O’Hagan, a docent at the Library of Congress, said he wondered why there was no similar organization for American writers, and then set out to create one.

“Our board had to set criteria for a location,” O’Hagan said.

. “One of the major factors was since it was a national museum it had to be in a central location. Chicago is the most American of American cities and a lot of history revolved around Chicago,” O’Hagan said.

The12,000 sq. foot museum will be located on the 2nd floor of 180 N. Michigan Avenue.

Funding has been received from the National Endowment for the Humanities and the Chicago Community Trust, as well as from individual donors and family foundations.

“We’re planning a small, intimate museum where you can go an enjoy two hours with the great writers of America,” O’Hagan said.

The digital-based museum will consist of rotating exhibitions in galleries with names such as the Mind of a Writer, the Writer’s Room, the American Identity, Writing Across America, a Chicago gallery and a children’s gallery.

Board member Roberta Rubin, owned Winnetka’s Book Stall for 31 years, said the museum was “tremendously exciting and unique in all the country.”

“In the U.S. we don’t have a place to honor our literary forbearers,” she said.

Living authors will be celebrated in programming such as book signings, poetry readings and the like, but to get a exhibition, an author’s reputation will have to be tested with time.

“To be featured, a writer will likely have to be dead at least 10 years,” O’Hagan said. “In the Dublin museum they didn’t allow any living authors except Seamus Heaney when he won the Nobel Prize in literature in 1995,” he added.

Nonetheless, authors from Joyce Carol Oates, George Saunders, Scott Turow and Stuart Dybek have warmly endorsed the museum on its website.

The museum will not be a library or have collections of books, O’Hagan said.

“We’re not artifact-based.
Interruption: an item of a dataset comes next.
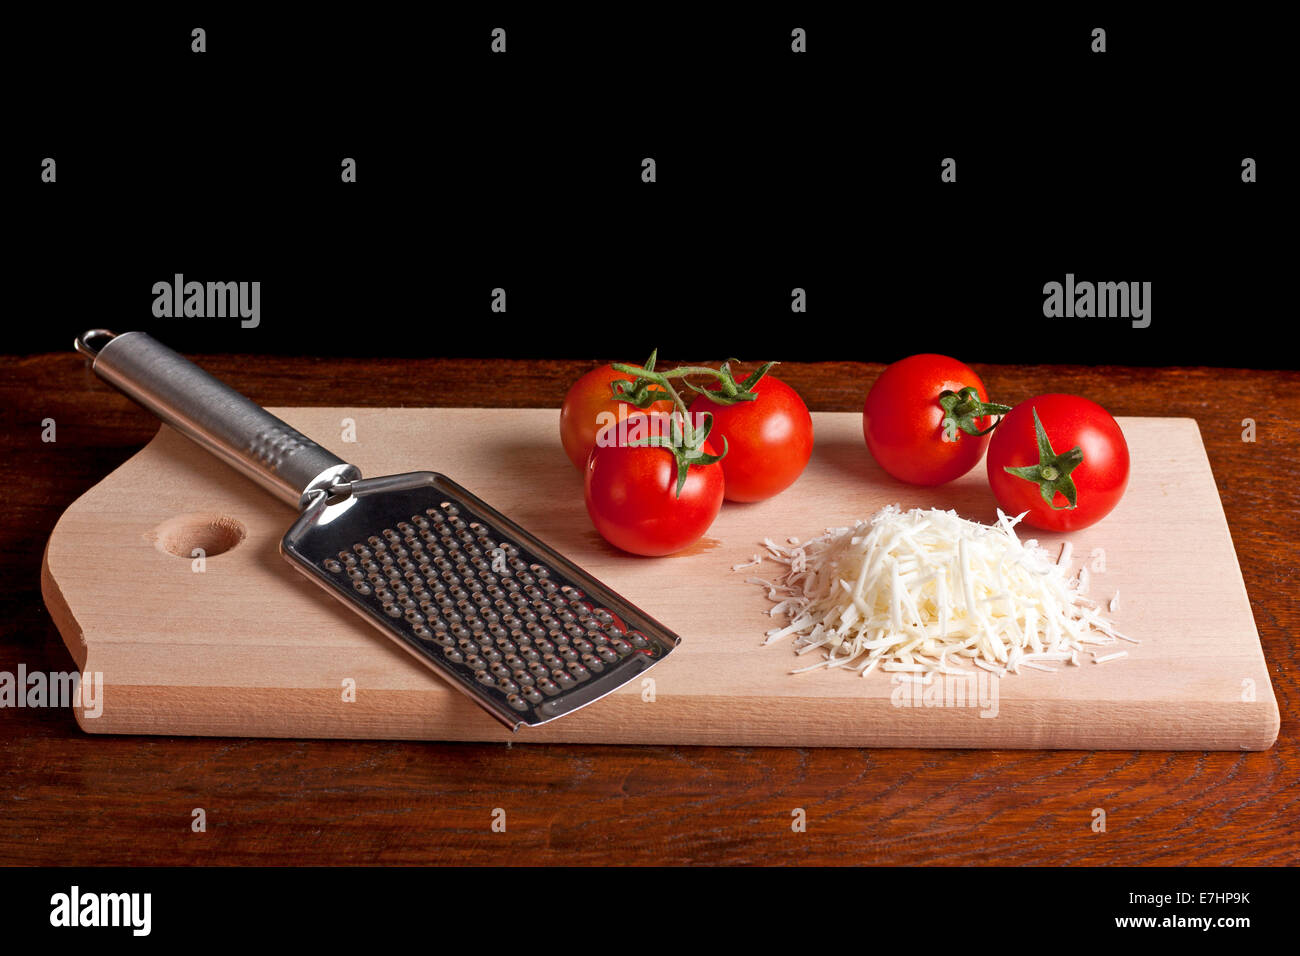 Râpe à fromage râpé, tomate rouge et sur un bureau en bois avec fond noir Banque D'Images

The way people read and write is changing and the technology available allows us to present materials in a totally different and much more interesting way.”

Board member S. Leigh Pierson Conant said the museum has partnered with around 50 author-home museums across the country. This will allow digital peeks into the homes of authors such as Louis May Alcott, Truman Capote, Willa Cather, Emily Dickenson or Oak Park’s native son Ernest Hemingway.

“Chicago is known for its museums,” Conant said. “This is going to be unlike any other with a blend of technology that helps enhance our literary history.”

The location was chosen within easy walking distance of many Chicago hotels, O’Hagan said. Plans on the museum website say they expect more than 100,000 visitors and revenue of $1.3 million the first year.

The museum has been backed by Ald. Edward Burke (14th Ward)-Alderman Walter Burnett Jr., (27th Ward) and Ald. Brendan Reilly (42nd Ward), who have posted accolades on the website.

Other board members from Illinois include Roger Baskes, former Newberry Library trustee, Chicago museum Consultant Ronne Hartfield, Publisher James Donnelley, Architect Lamar Johnson, and Chicago construction contractors Allen Bulley III, Mike Clune and John Estey

“Chicago’s a great melting pot of literary tradition with a generous philanthropic community,” O’Hagan said.

O’Hagan said the museum team has so much to work with designing exhibits that celebrate American writers.

“We’re fortunate in America that we have such an abundance of great writers whose works influenced the history and the culture of the nation,” he said.